Methods: A total of 11 Chinese pediatric patients diagnosed with MODY2 were enrolled in this study. Detailed clinical data and follow-up outcomes were retrospectively collected and summarized. Genetic testing was conducted using next-generation sequencing (NGS), and all identified variations were verified by Sanger sequencing.
Results: All cases carried heterozygous mutations in the GCK gene. 9 pathogenic variations were identified, including 8 missense mutations, 1 frameshift mutation, and 1 splice-site mutation. Among these, the mutation c.456T>G was novel. The mean age at diagnosis was 8.1±2.7 (years). 10 of 11 cases had a family history of hyperglycemia or diabetes. 2 cases were overweight. Patients exhibited mild hyperglycemia. The median HbA1c was 6.3% (interquartile range [IQR]: 6.3%-6.4%). Glucose increment in OGTT was 1.68±0.95 mmol/L. Mean triglyceride level was 0.62±0.15 mmol/L. Two cases were positive for insulin antibodies. All cases were treated with a balanced diet after diagnosis. The follow-up period was 1.5-7 years, and the median HbA1c was 6.3% (IQR: 6.2%-6.4%).

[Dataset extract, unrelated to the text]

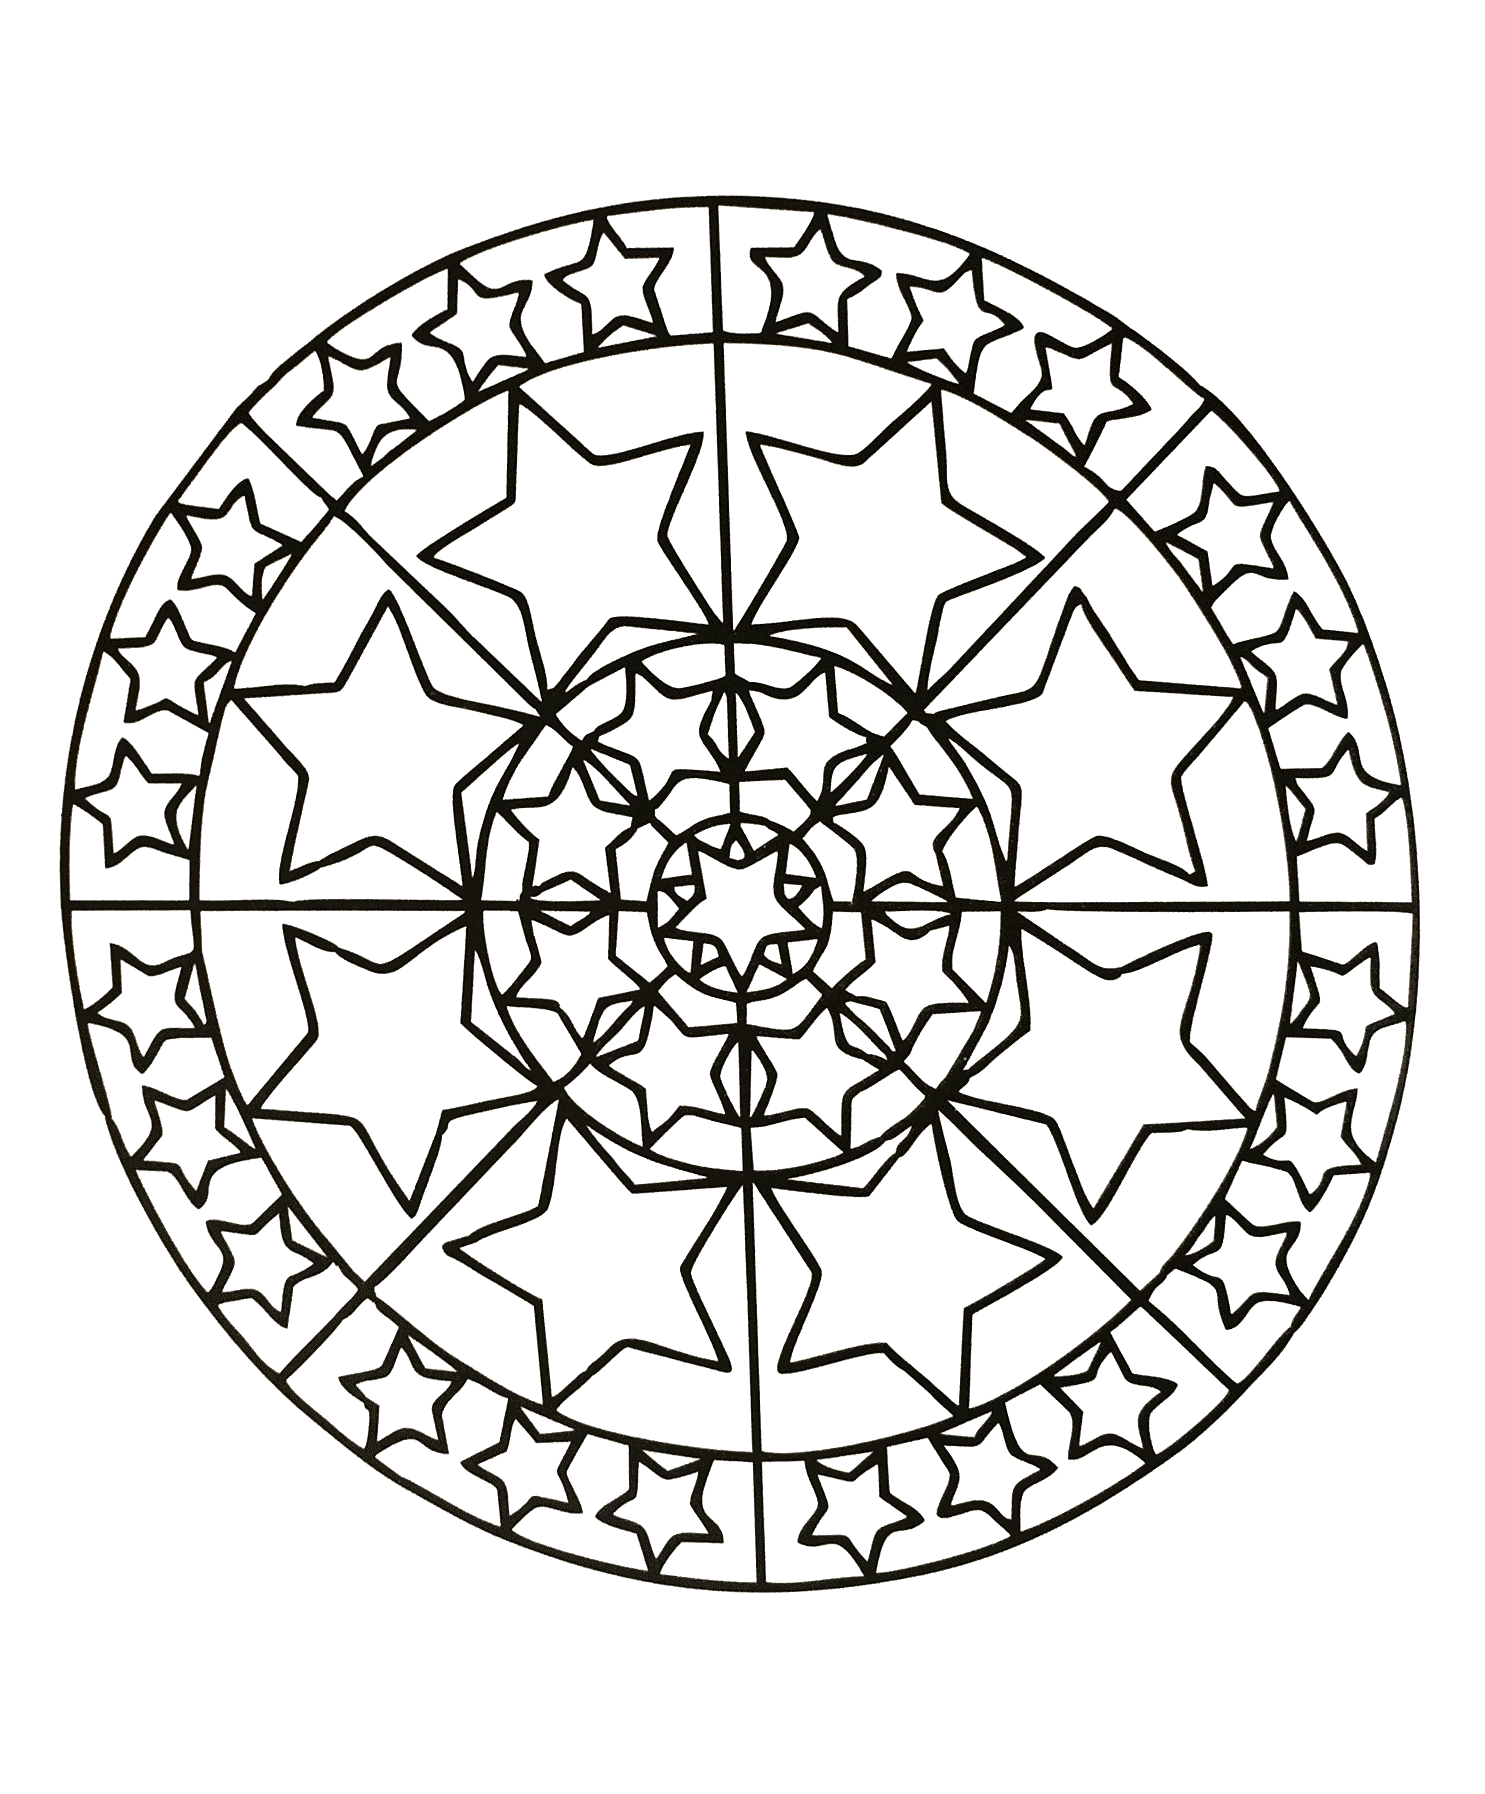 Mandalas to download for free - 13 - Image with : Star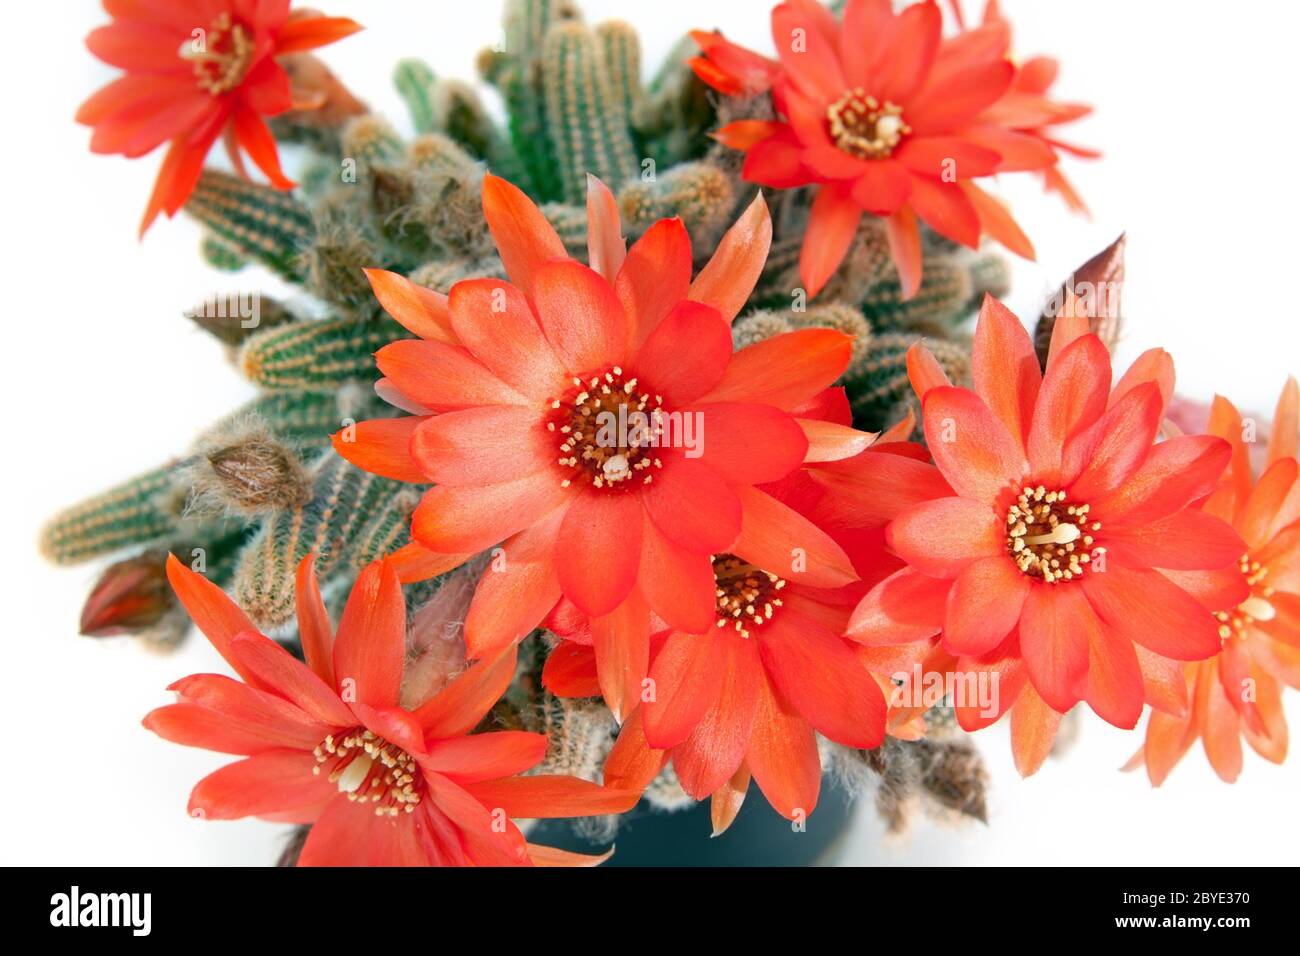 red cactus flower over white Stock Photo

Conclusion: MODY2 typically manifests with mild, stable fasting hyperglycemia and is predominantly caused by missense mutations in the GCK gene. Our findings support the inclusion of triglyceride levels as a screening marker and highlight that features like overweight status and autoantibody positivity may coexist in MODY2, warranting comprehensive evaluation to prevent misdiagnosis.